# Warped Lid?



## illini40 (Dec 18, 2018)

Hello

While pulling a pan of chicken fajitas off of my Traeger Pro 34 this evening to carry inside, I heard a loud thud. I had left the lid open, and when I looked back, the lid was laying down backwards (fell back, instead of staying open or closing). The brace that keeps the lip from falling back over it's self was slightly bent (allowed the lid to fall back), and then the lid did not close all the way (about a 1/2 to 3/4" gap). Definitely something seems off.

I called Traeger and they are sendimg out a new lid and assembly. We think that the lid may have warped. Fingers crossed that replacing the lid, hinges, and the lid stop fixes the problem.

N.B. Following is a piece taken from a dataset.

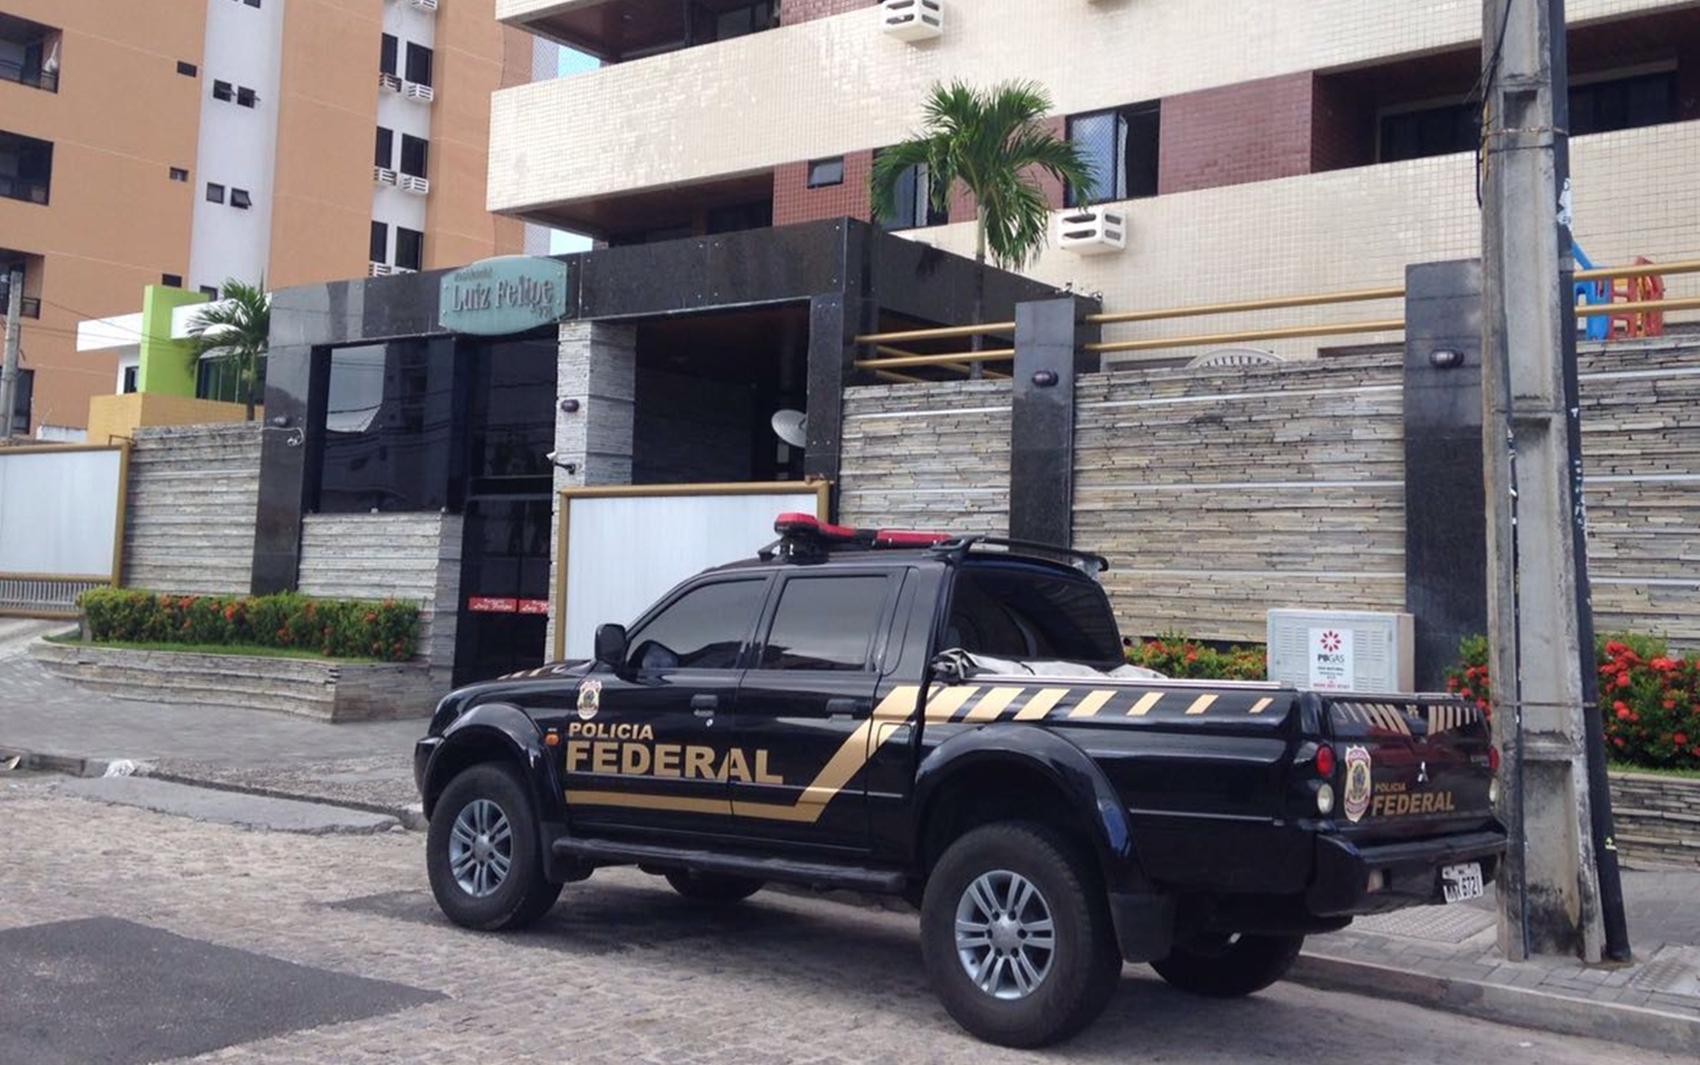 Equipe da Polícia Federal cumpriu mandado em residencial no bairro de Manaíra, em João Pessoa (Foto: Walter Paparazzo)
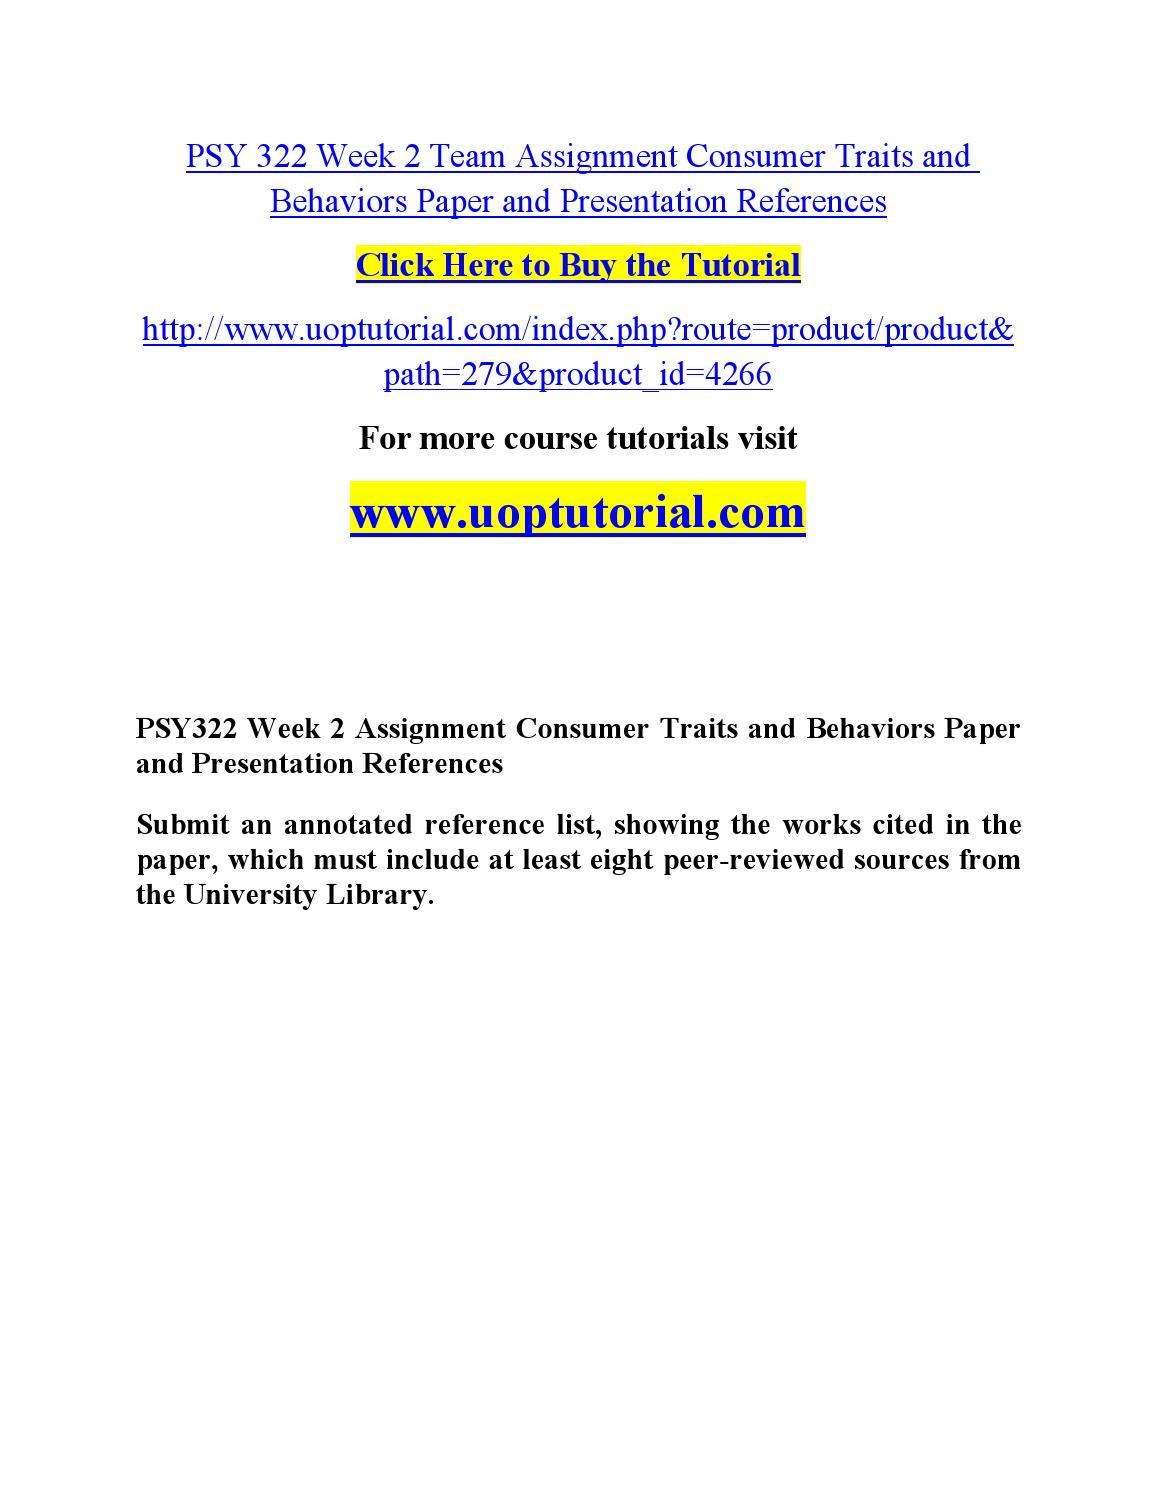 FIN 571 NERD Technology levels / fin571nerd.com - PowerPoint PPT Presentation

Has anyone experienced this before? Thoughts?


----------



## DIYerDave (Dec 19, 2018)

Sounds to me as if the hinge area got bent. If it bent that easy from the lid falling I would think it could easily be bent back into position.


----------



## Beanhall (Dec 19, 2018)

I have a smaller Traeger and mine did the same thing. Mine bent at the hinge. What I ended up doing was I added washers to the existing bolts and drilling another hole for a 3rd bolt in the middle towards the top. Sorry I don't have pictures, it is my camper smoker and it is 2hrs away.


----------



## illini40 (Dec 19, 2018)

Beanhall said:


> I have a smaller Traeger and mine did the same thing. Mine bent at the hinge. What I ended up doing was I added washers to the existing bolts and drilling another hole for a 3rd bolt in the middle towards the top. Sorry I don't have pictures, it is my camper smoker and it is 2hrs away.



So would new hinge assembly brackets fix your issue? Or, what exactly bent?

They are sending me a new lid, hinge assemblies, and the bracket inside that keeps the lid from flying open. Fingers crossed this is a simple fix.


----------



## illini40 (Jan 5, 2019)

Circling back to close this out. Traeger sent me a new lid and hinge assembly kit. I just installed, and everyone seems good as new.


----------